I'll add: don't accept the name game. It's either both dr surname or both first name. They call you by your first name, you do the same. They call you doctor surname, you do the same. It cannot be dr physician and John Doe psychologist. That type of linguistic stuff just reinforces that psychologists are not "doctors".

Do not do the stupid "dr first name". Get therapy if you cannot handle the power differential.

Excellent point.

It may sound minor, but how patients view you and how other staff view you are really important factors in day to day work. I spend a majority of my week dealing with difficult pts, their families, administrators, and often other providers...so the perception of others is a big part of being able to get things done.

As an aside, this is where hospital privileges and full faculty appointments come into play too. As a FT faculty we have full voting rights and the same responsibilities as our physician colleagues (e.g. serving on dept/hospital committees, teaching in the residency program, participating in review boards, etc), which has really helped ensure equal footing in clinical, administrative, and research settings. Being relegated to adjunct or auxiliary faculty weakens your position in the hierarchy and it has a very clear difference in pay and responsibility. Some faculty activity avoid committees and the like, but I want to ensure a seat at the table instead of not even being a consideration when important decisions are made.

Anyone who allows themselves to be treated like a second class citizen has no one else to blame but themselves. This applies to titles, pay, and overall responsibilities.

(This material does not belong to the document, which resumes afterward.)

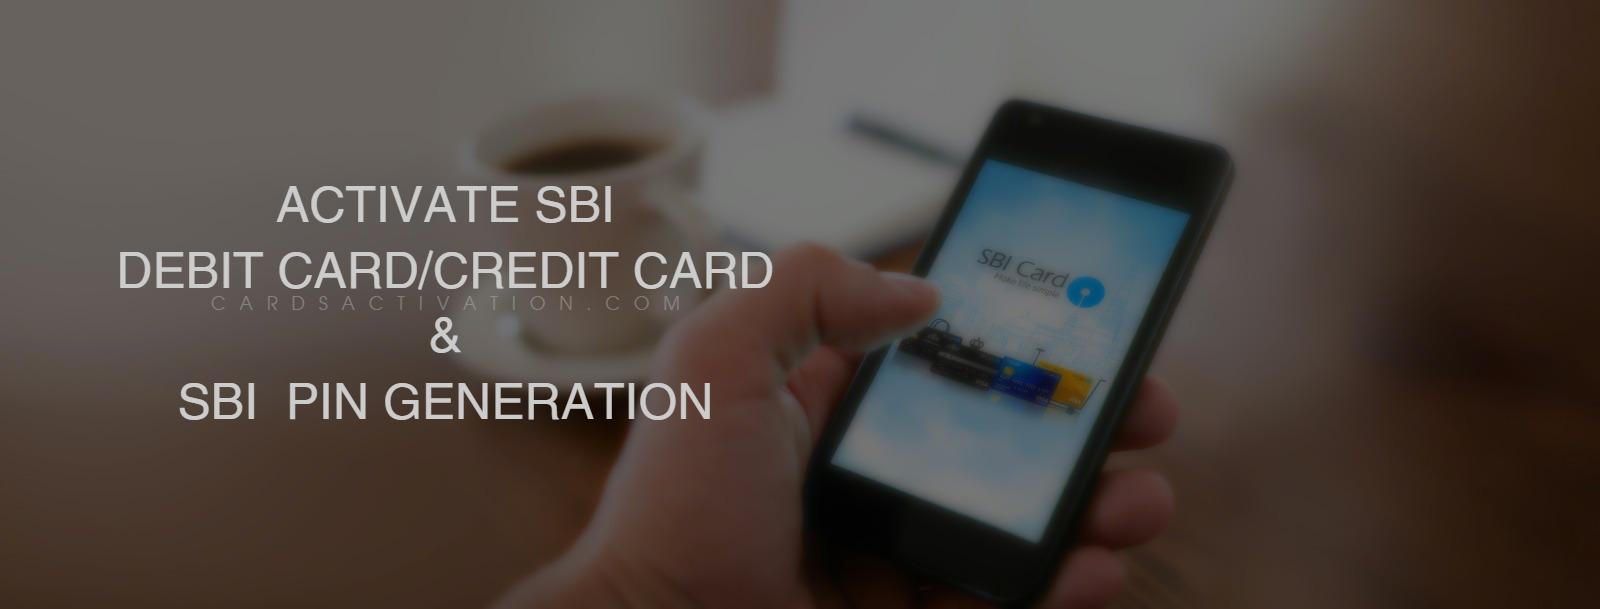 SBI Card PIN Generation | Activate SBI Credit Card

I think you guys should considering compiling your knowledge on this topic and making it a sticky. A lot of people read these forums, if we want to move in the direction of being treated as equal professionals we need to start somewhere. Why not display the why and the how prominently on here?
 
T4C:

MEDICAL Faculty. None of that Allied Health Professional Faculty bull.


Dr. Eliza: As always we disagree. Dr. Sanjay Gupta has a mildly difficult name to pronounce, but CNN does not call him Dr. G. My last name is easy to pronounce. My various personal physicians names are not, but they do not go by "Dr. Dave". Some of colleagues have difficult to impossible to pronounce names. However, they still go by Dr. Surname. If you choose to go by Dr. Firstname, you are already saying that you are different and not equals with those that use the proper mode of address.
 
MEDICAL Faculty. None of that Allied Health Professional Faculty bull.

Absolutely. Allied Health Professional status has far-reaching limitations in regard to protection and promotion within the medical community. Being FT Medical Faculty requires more continuing ed credits, additional quality assurance procedures (random record review as part of yearly renewing of hospital privileges), and all sorts of fun red tape...but we are far better taken care of than if we were just "staff" or AHP. Most clinicians don't know the difference between all of these titles and designations, but they really should!
 
I think that is a little hardlined in you are doing child therapy or evaluations. I actually do think we should be seen differently than physicians by our patients.
 
Dr. Eliza: As always we disagree. Dr. Sanjay Gupta has a mildly difficult name to pronounce, but CNN does not call him Dr. G. My last name is easy to pronounce. My various personal physicians names are not, but they do not go by "Dr. Dave". Some of colleagues have difficult to impossible to pronounce names. However, they still go by Dr. Surname. If you choose to go by Dr. Firstname, you are already saying that you are different and not equals with those that use the proper mode of address.

I'm pretty sure anyone can pronounce Gupta. Come on.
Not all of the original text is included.